◆ TASK REQUIREMENTS
Print the listing below again, exactly. Skip the pictures.

◆ SUPPLIED DATA
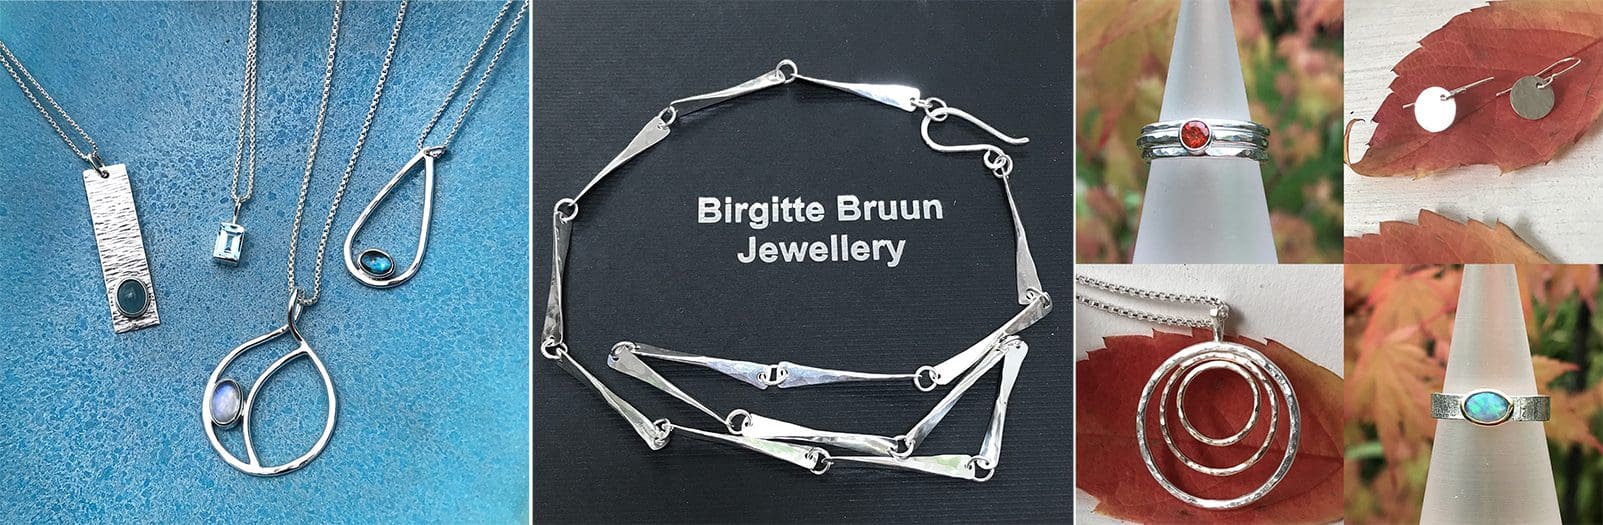 Birgitte Bruun Jewelley
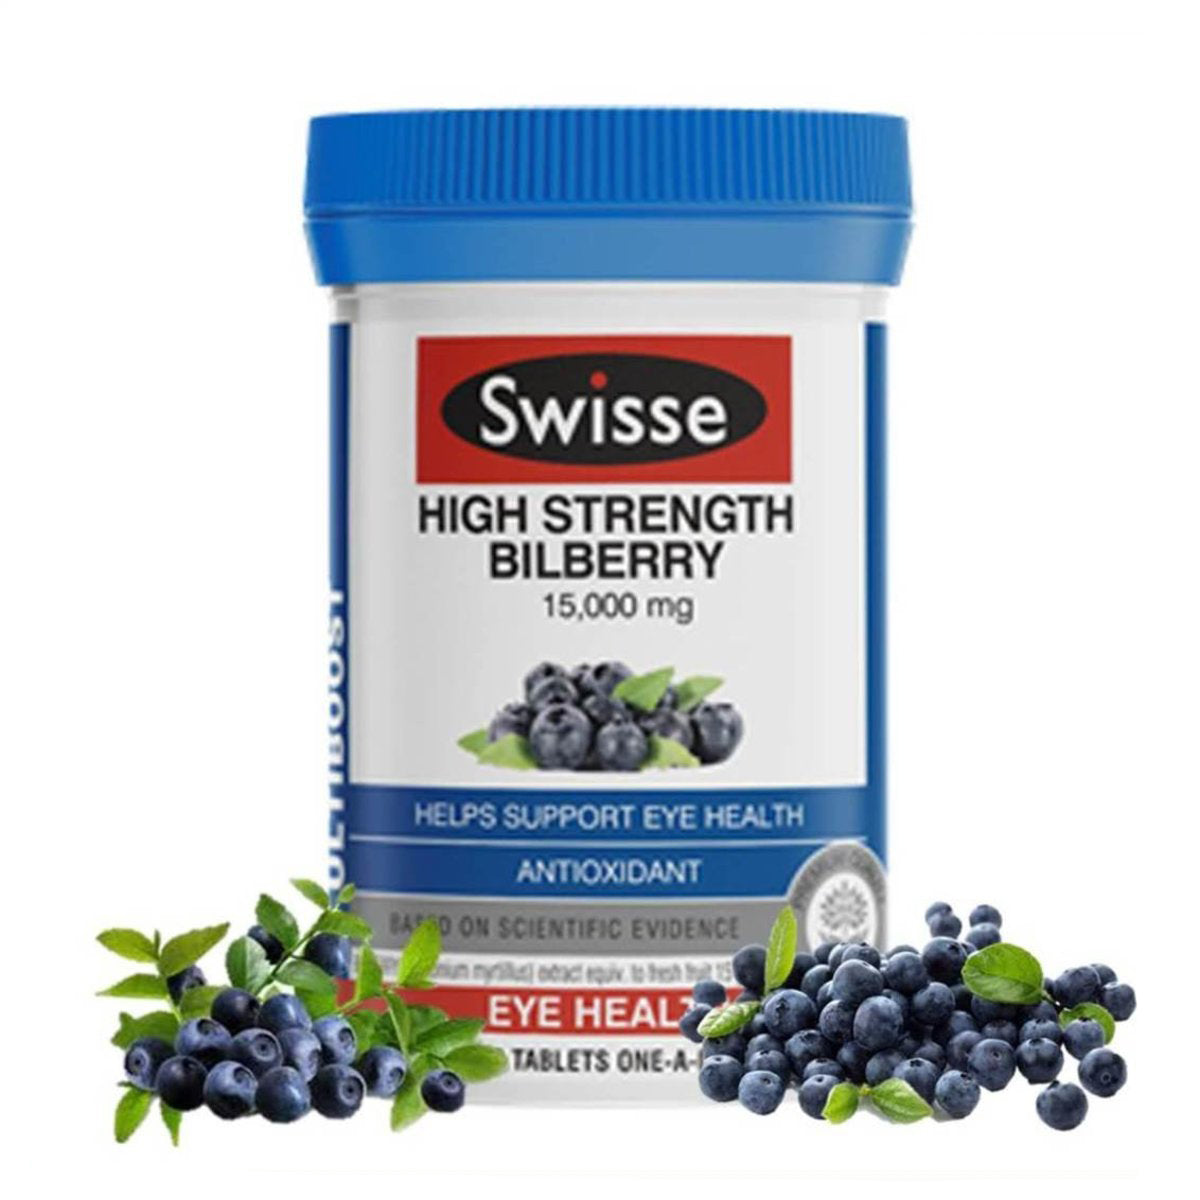 Swisse Ultiboost 明目抗衰老高濃縮山桑子 (歐洲藍莓) 精華 30 粒 (兩種包裝將隨機提供)
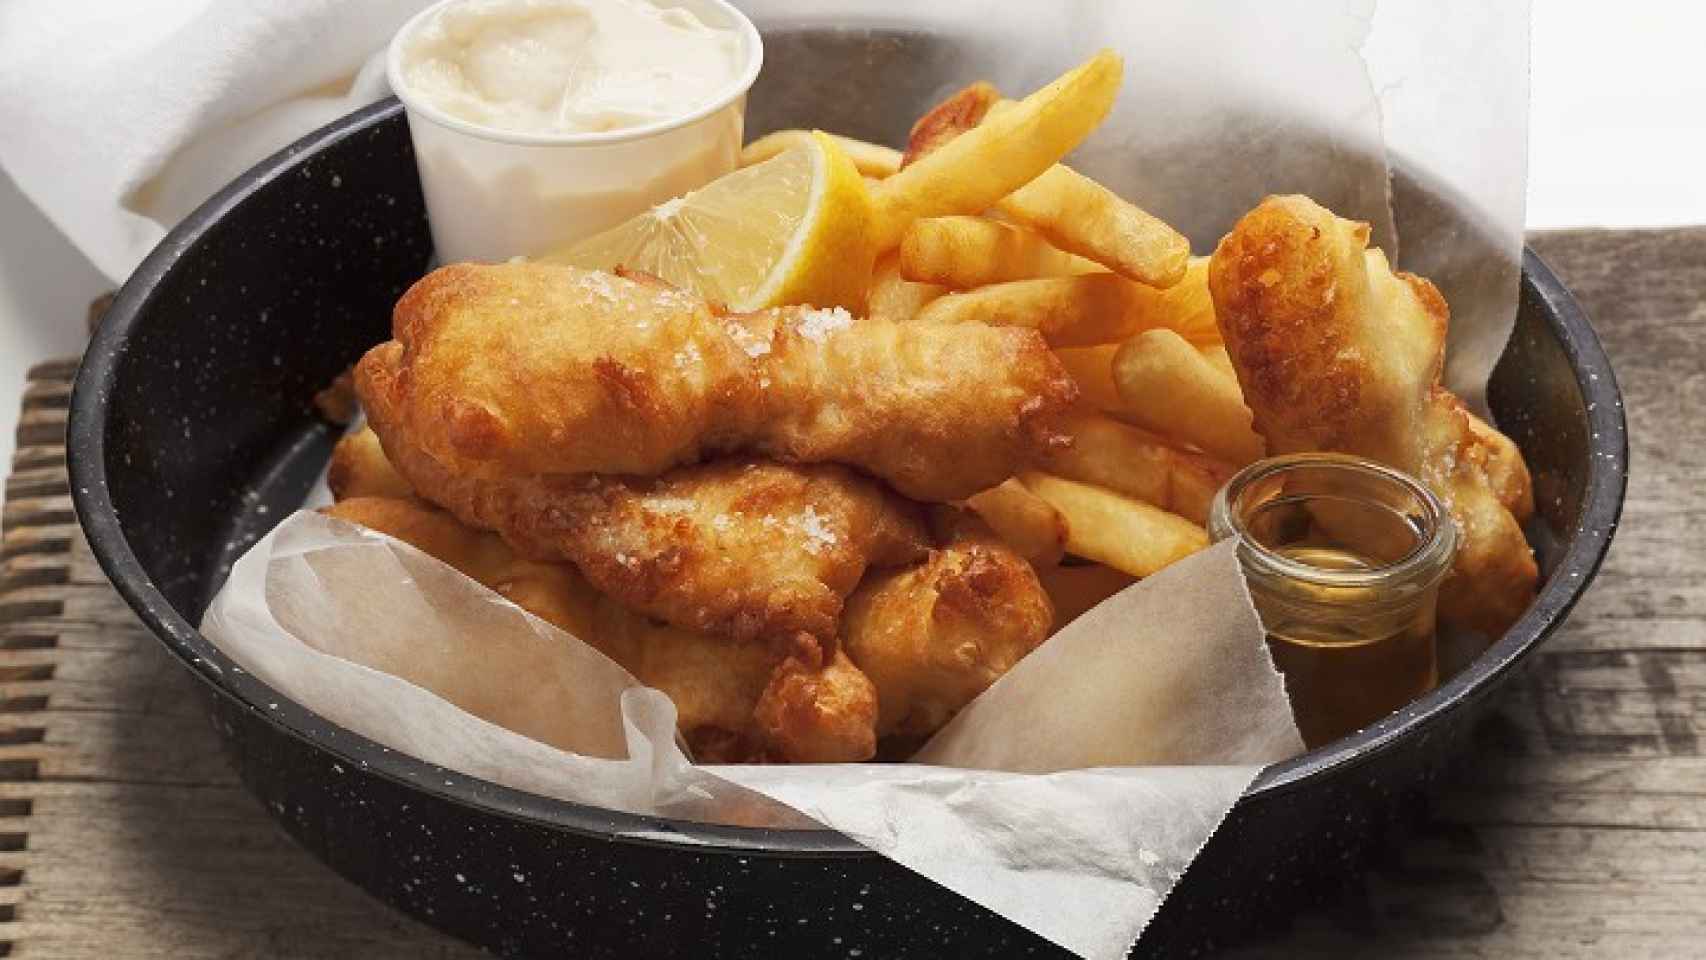 'Fish and chips', la comida británica por excelencia.
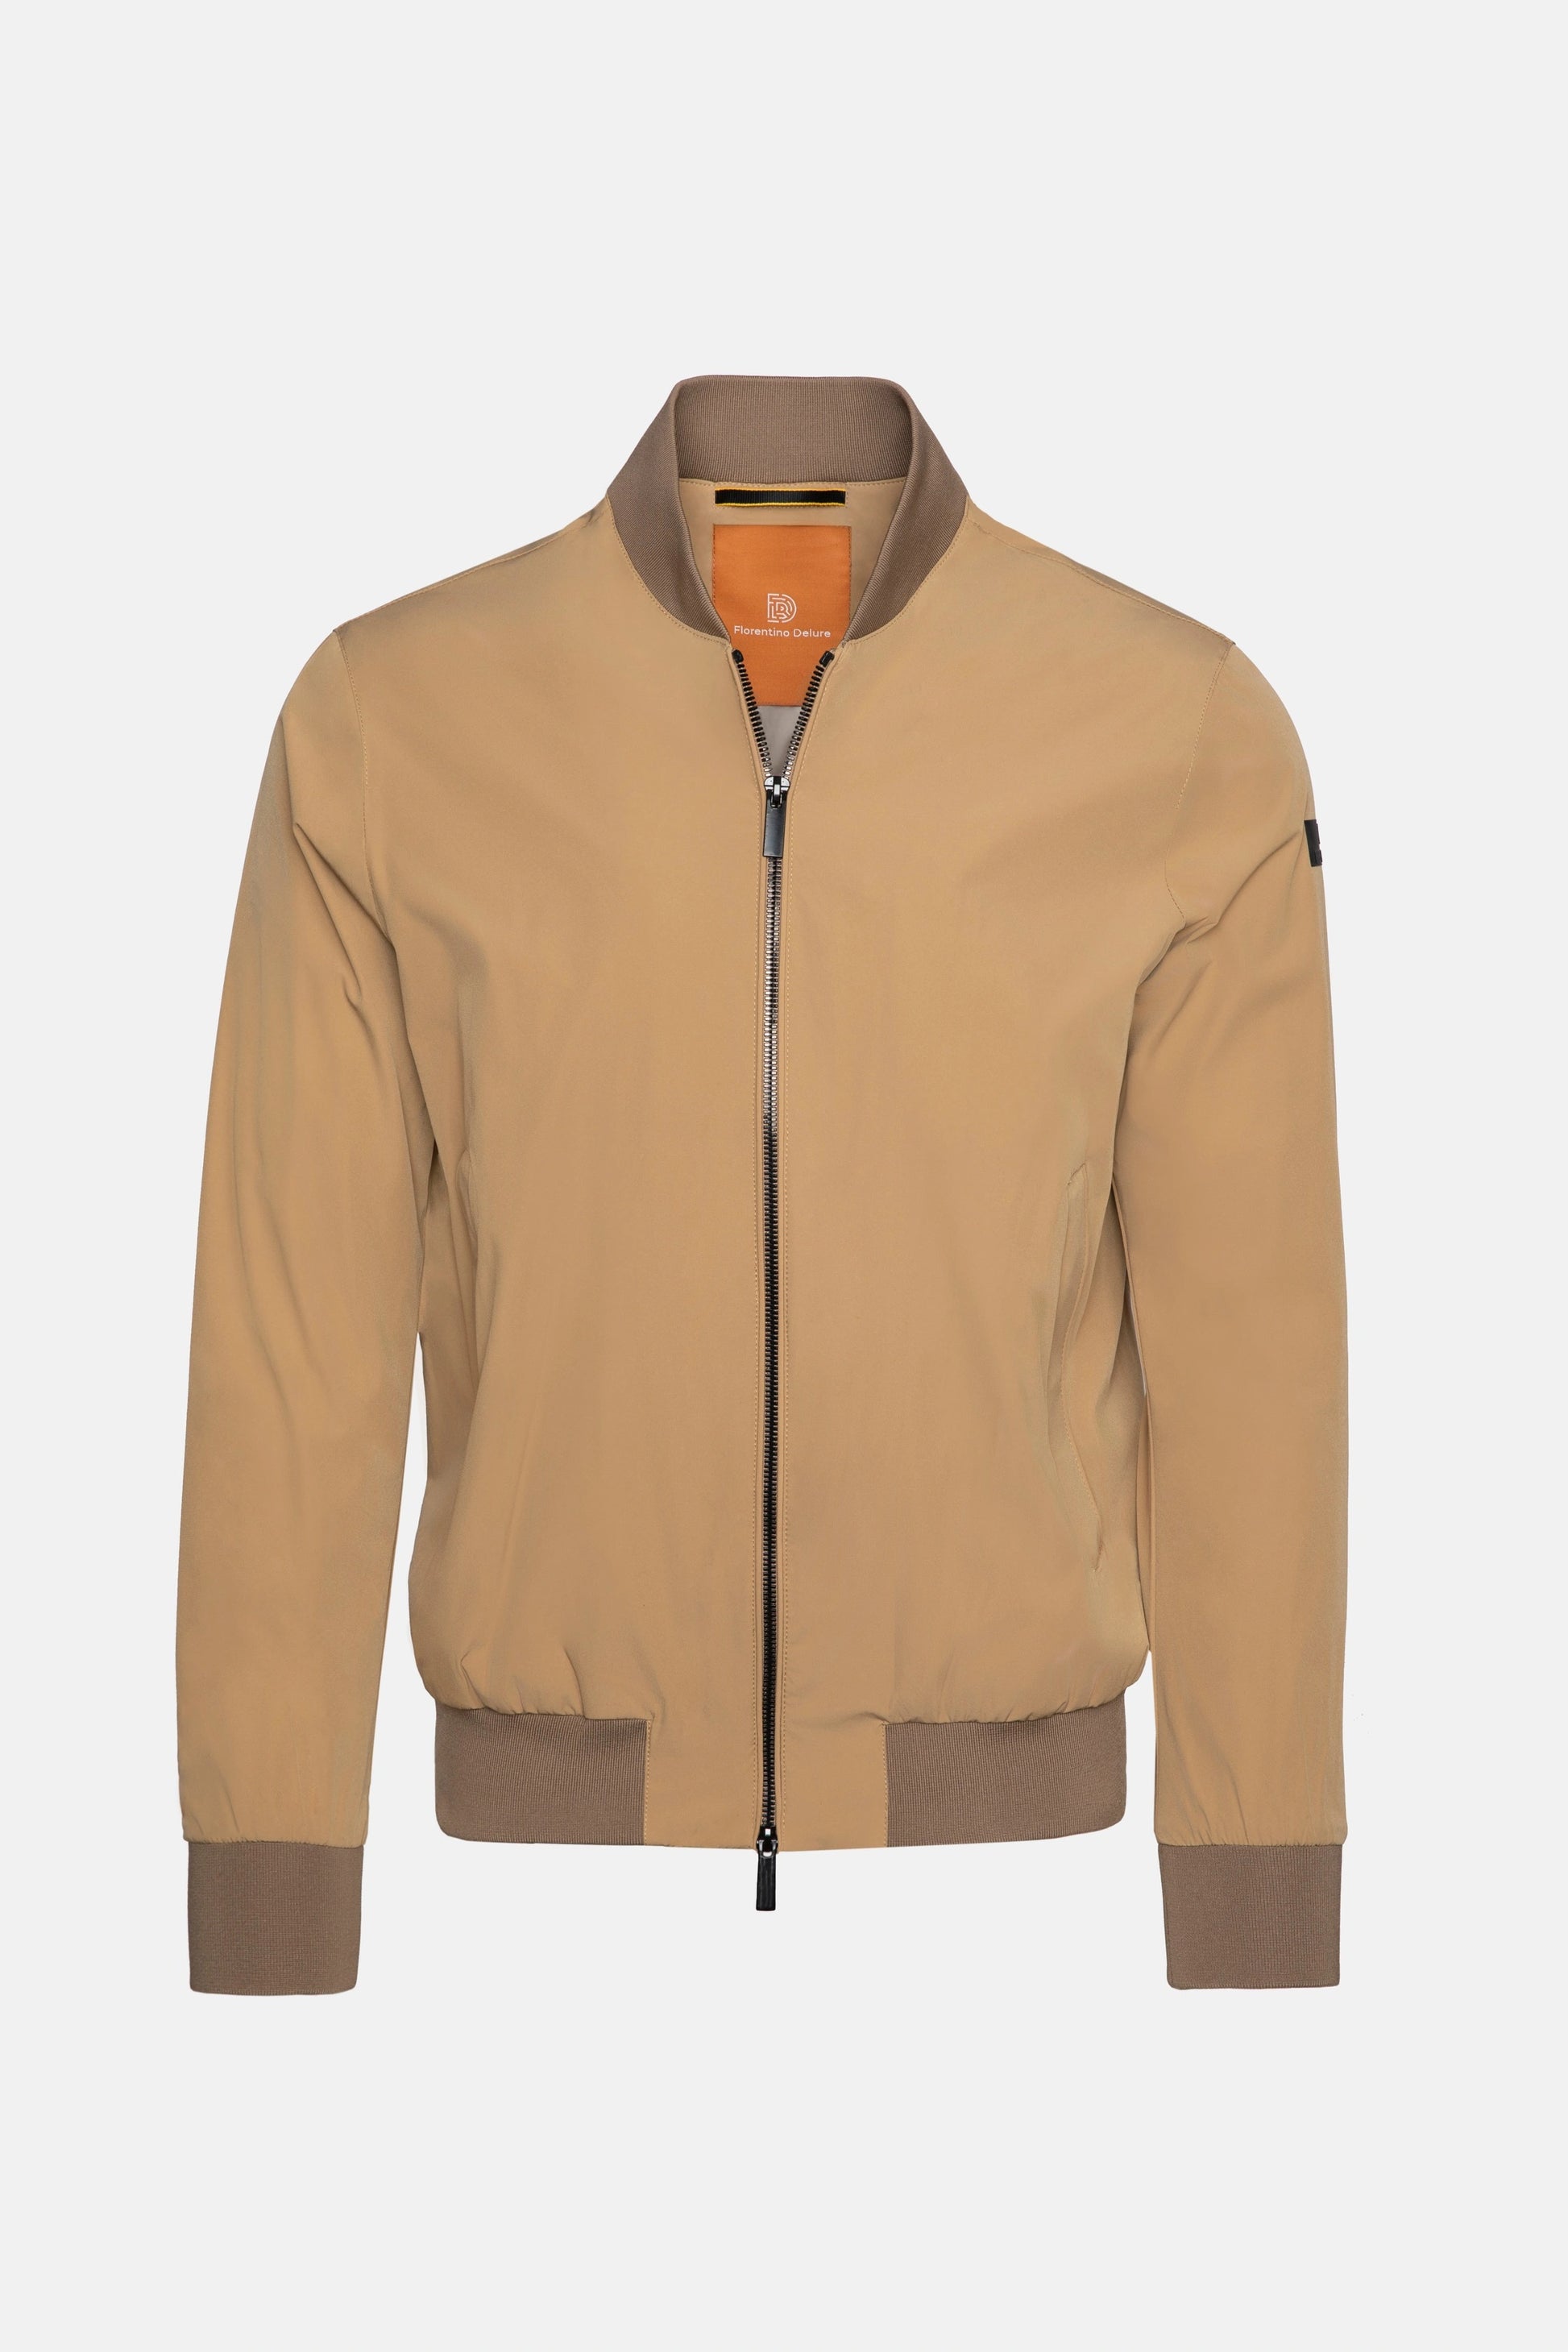 Beige Bomber Jacket Menswear Coats & Jackets

◆ THE ANSWER
 Birgitte Bruun Jewelley
 Swisse Ultiboost 明目抗衰老高濃縮山桑子 (歐洲藍莓) 精華 30 粒 (兩種包裝將隨機提供)
 'Fish and chips', la comida británica por excelencia.
 Beige Bomber Jacket Menswear Coats & Jackets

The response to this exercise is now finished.